• **Source data**:
┄┄┄┄┄┄┄┄┄┄

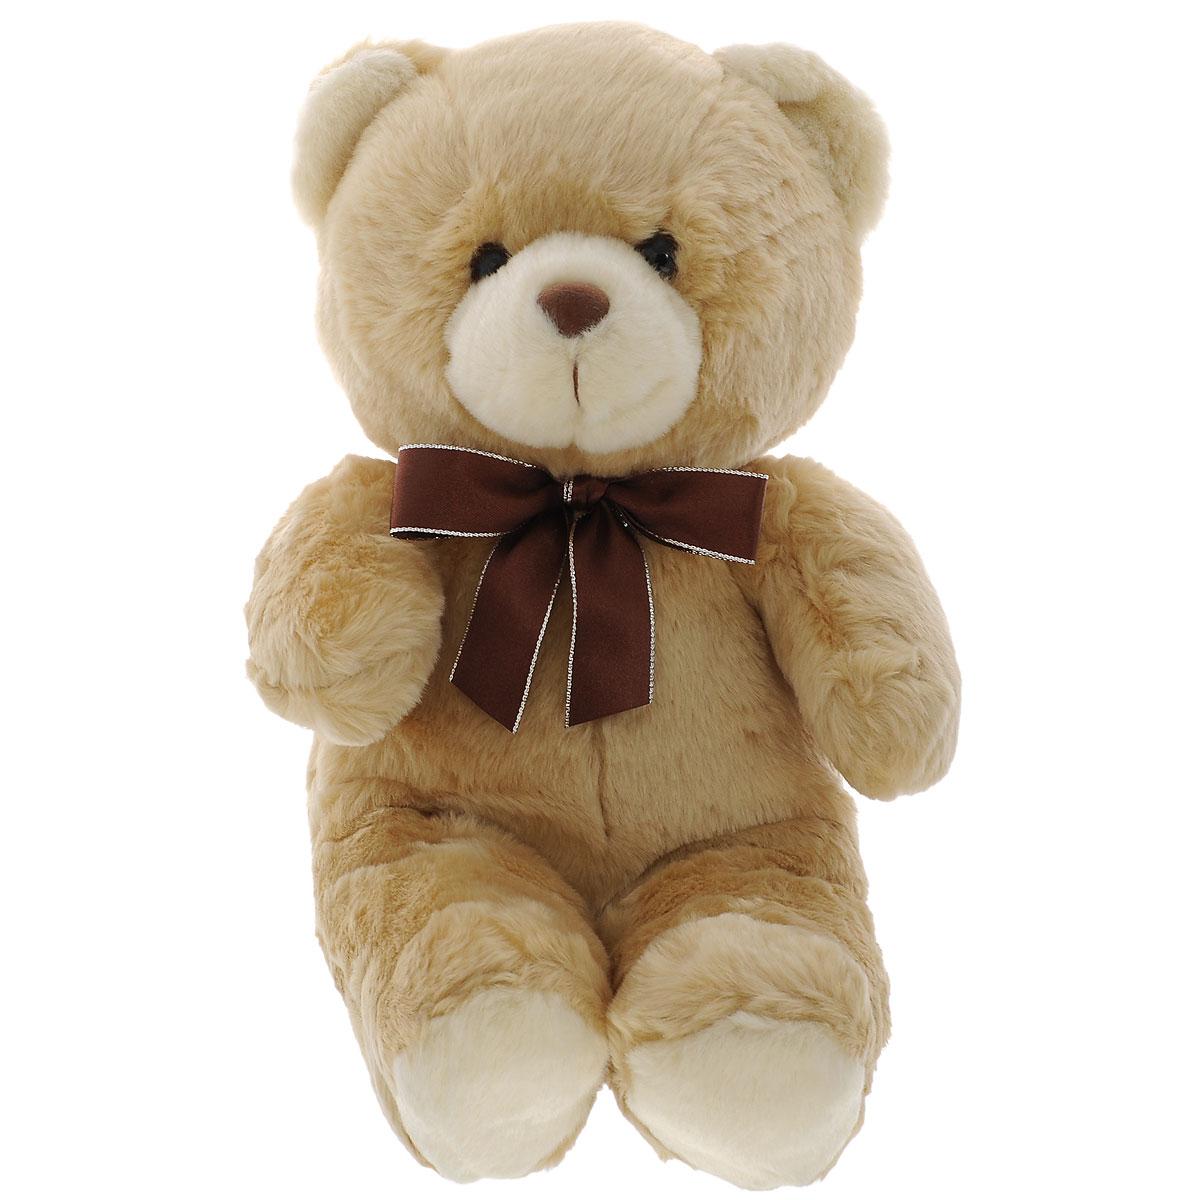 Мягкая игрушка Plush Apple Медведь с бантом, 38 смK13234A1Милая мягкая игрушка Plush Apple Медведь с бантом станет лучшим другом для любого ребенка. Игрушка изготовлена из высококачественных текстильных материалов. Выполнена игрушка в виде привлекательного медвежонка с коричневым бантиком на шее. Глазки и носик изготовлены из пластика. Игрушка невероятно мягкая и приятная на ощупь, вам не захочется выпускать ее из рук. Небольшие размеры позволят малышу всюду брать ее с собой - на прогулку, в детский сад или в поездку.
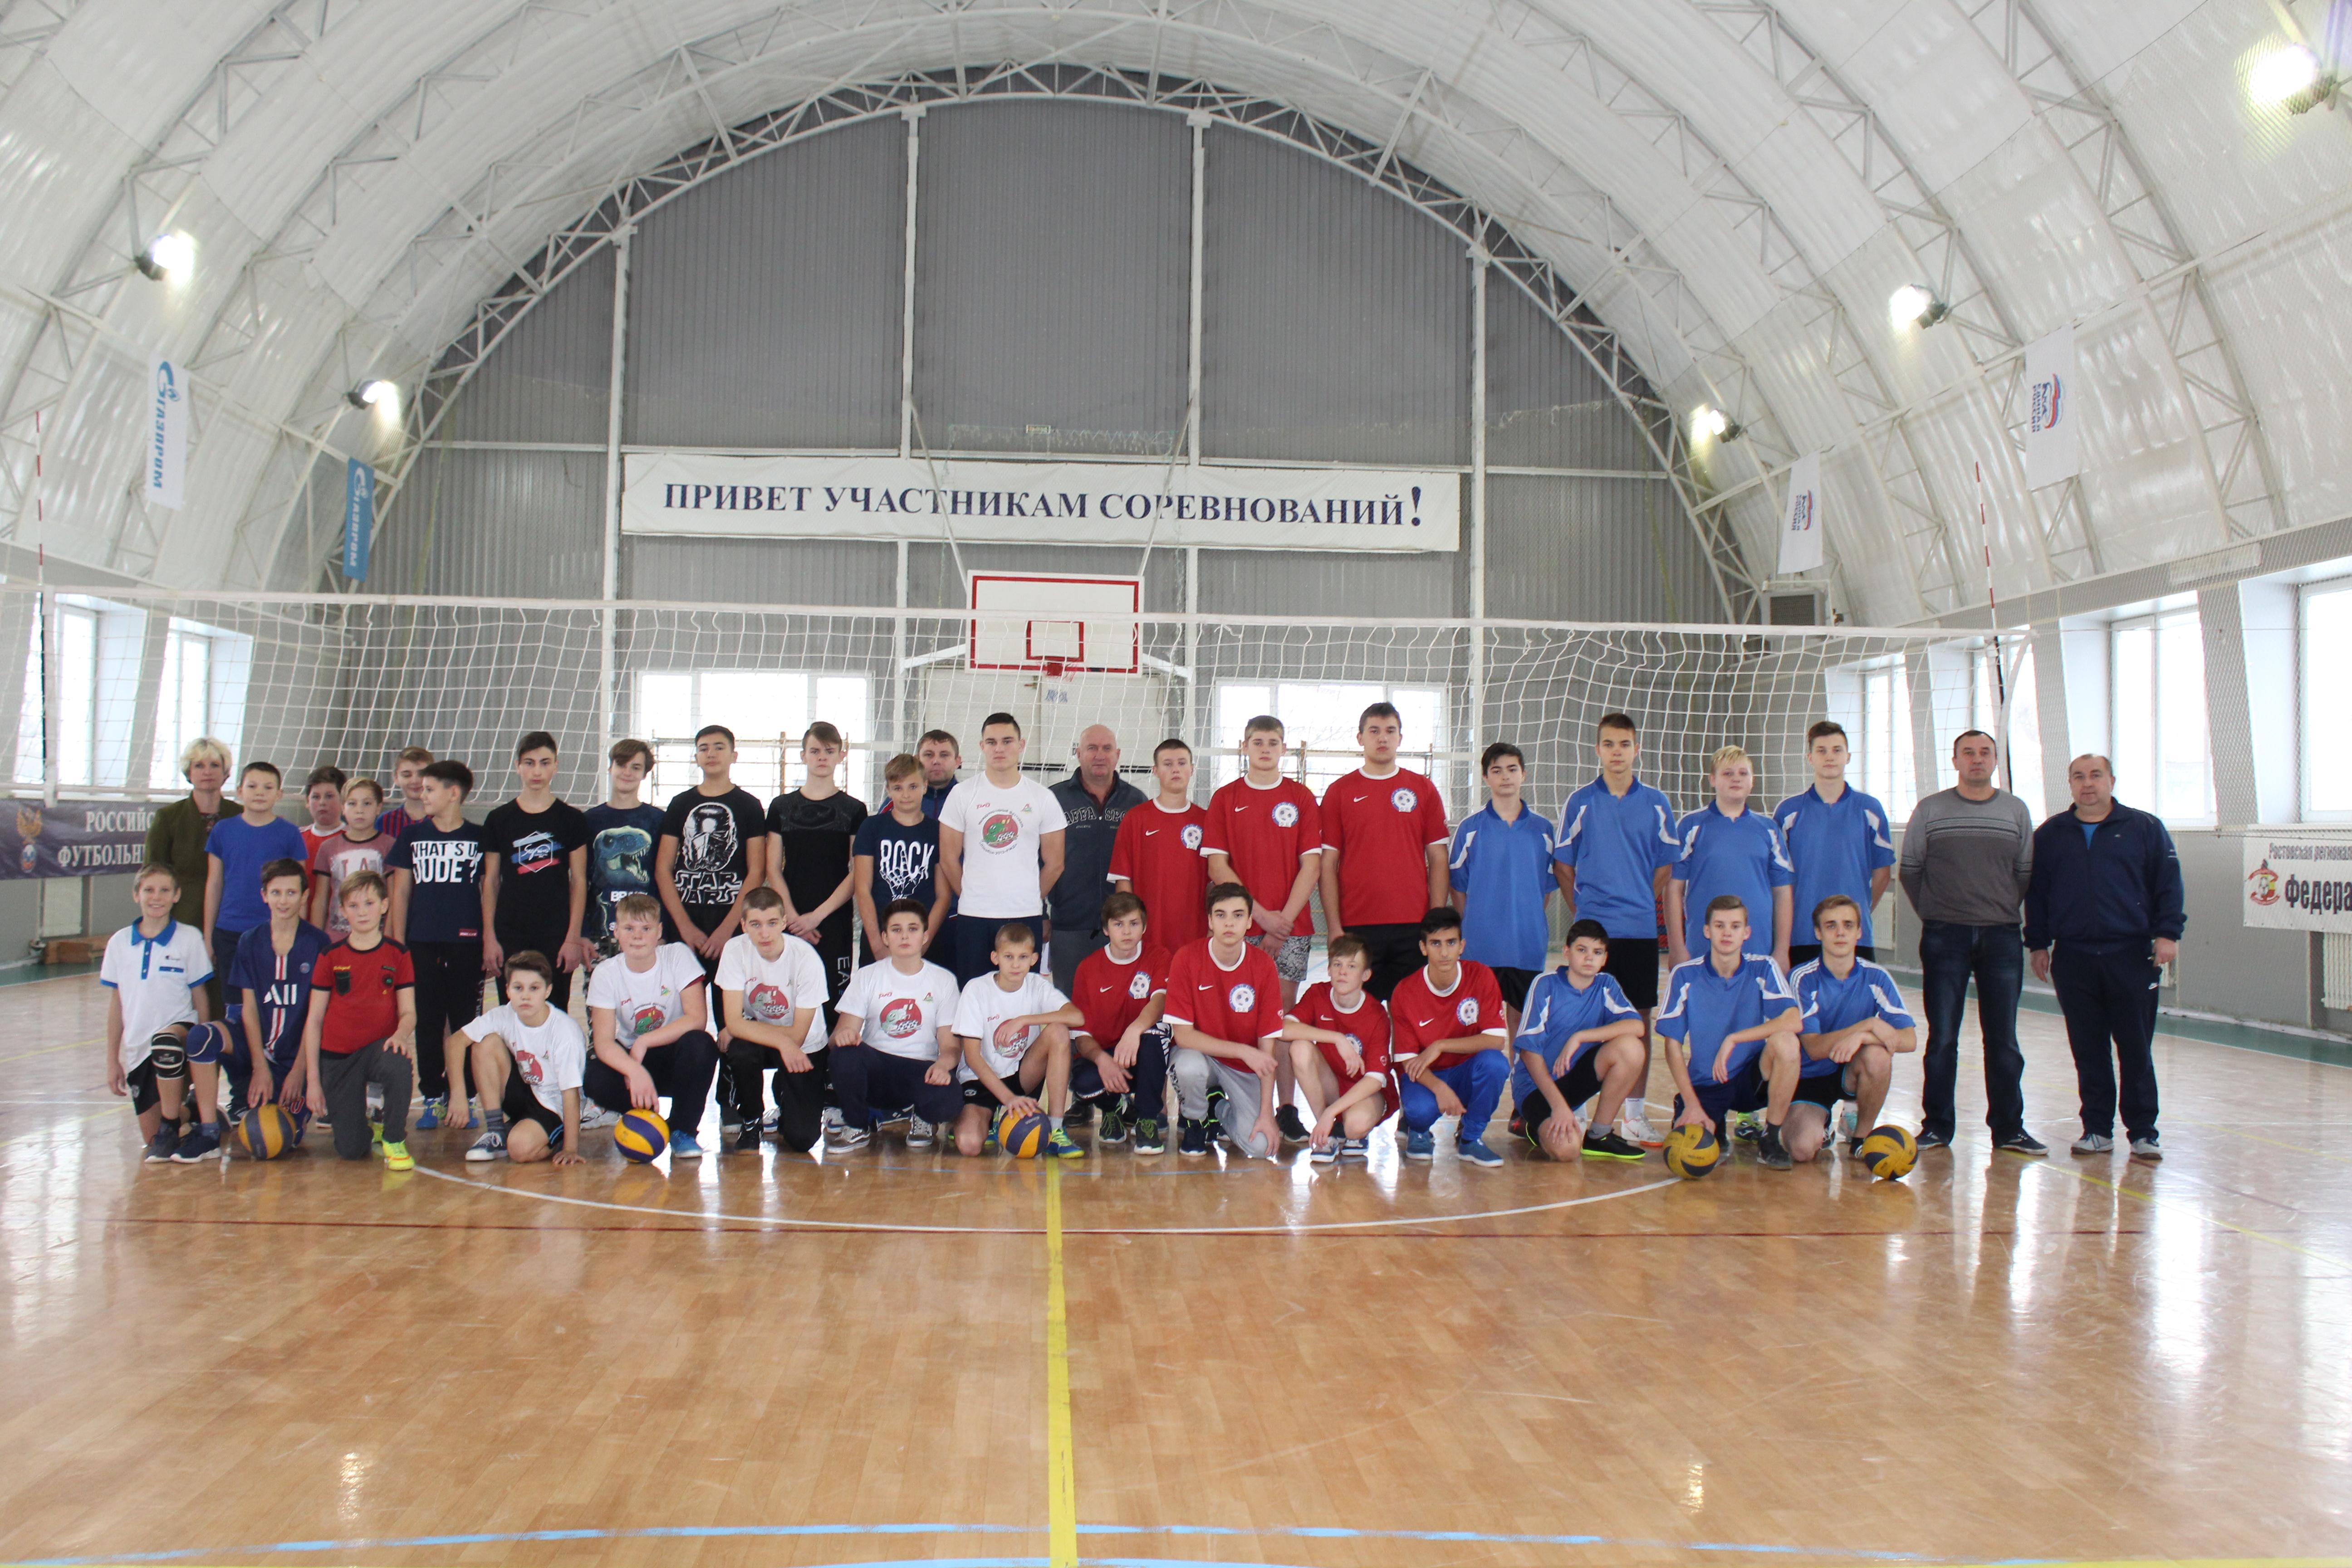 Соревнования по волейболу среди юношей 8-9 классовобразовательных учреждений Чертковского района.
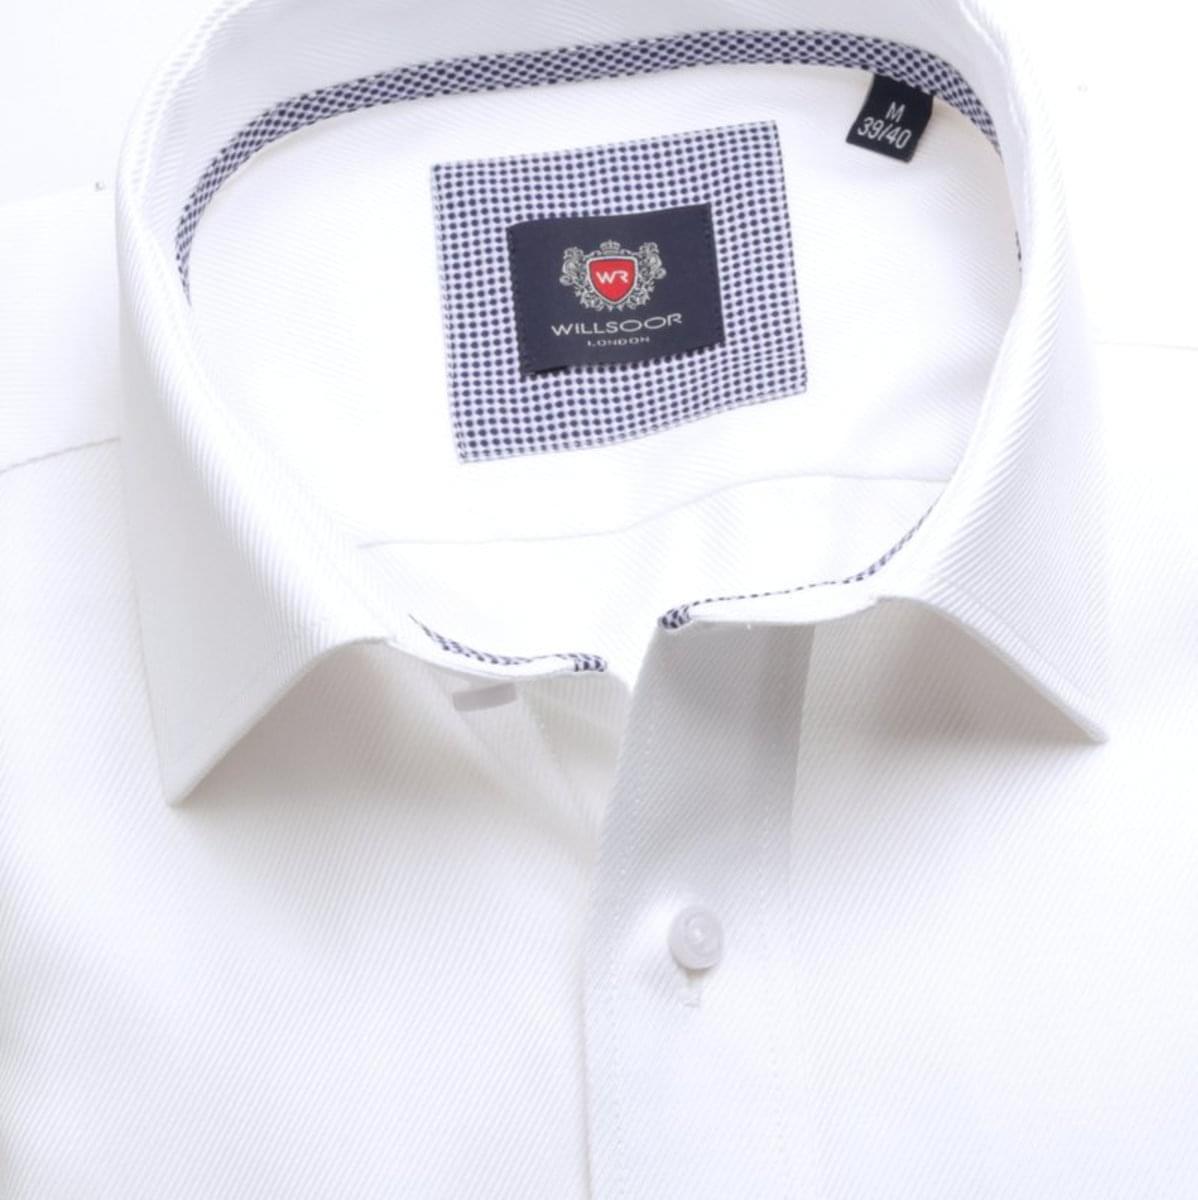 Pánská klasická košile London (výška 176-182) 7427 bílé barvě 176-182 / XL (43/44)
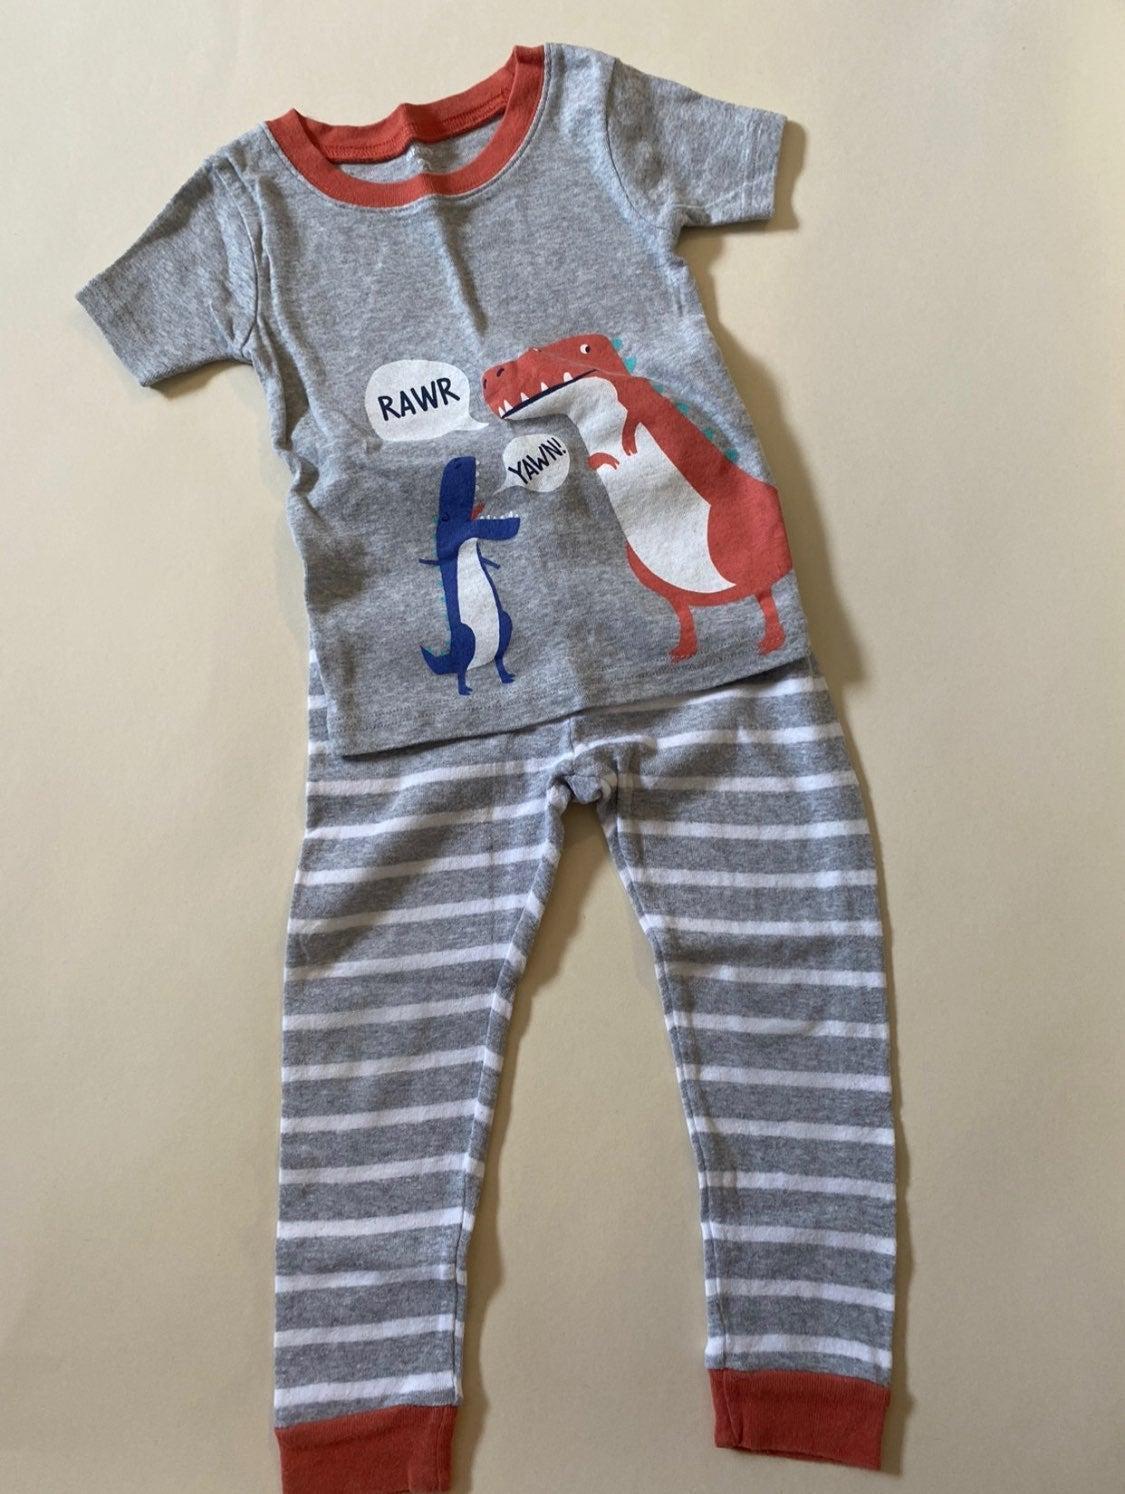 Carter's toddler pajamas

┄┄┄┄┄┄┄┄┄┄

• **Try it**:
When an image appears in the data, skip it and output the rest exactly.

• **Output of the exercise**:
 Мягкая игрушка Plush Apple Медведь с бантом, 38 смK13234A1Милая мягкая игрушка Plush Apple Медведь с бантом станет лучшим другом для любого ребенка. Игрушка изготовлена из высококачественных текстильных материалов. Выполнена игрушка в виде привлекательного медвежонка с коричневым бантиком на шее. Глазки и носик изготовлены из пластика. Игрушка невероятно мягкая и приятная на ощупь, вам не захочется выпускать ее из рук. Небольшие размеры позволят малышу всюду брать ее с собой - на прогулку, в детский сад или в поездку.
 Соревнования по волейболу среди юношей 8-9 классовобразовательных учреждений Чертковского района.
 Pánská klasická košile London (výška 176-182) 7427 bílé barvě 176-182 / XL (43/44)
 Carter's toddler pajamas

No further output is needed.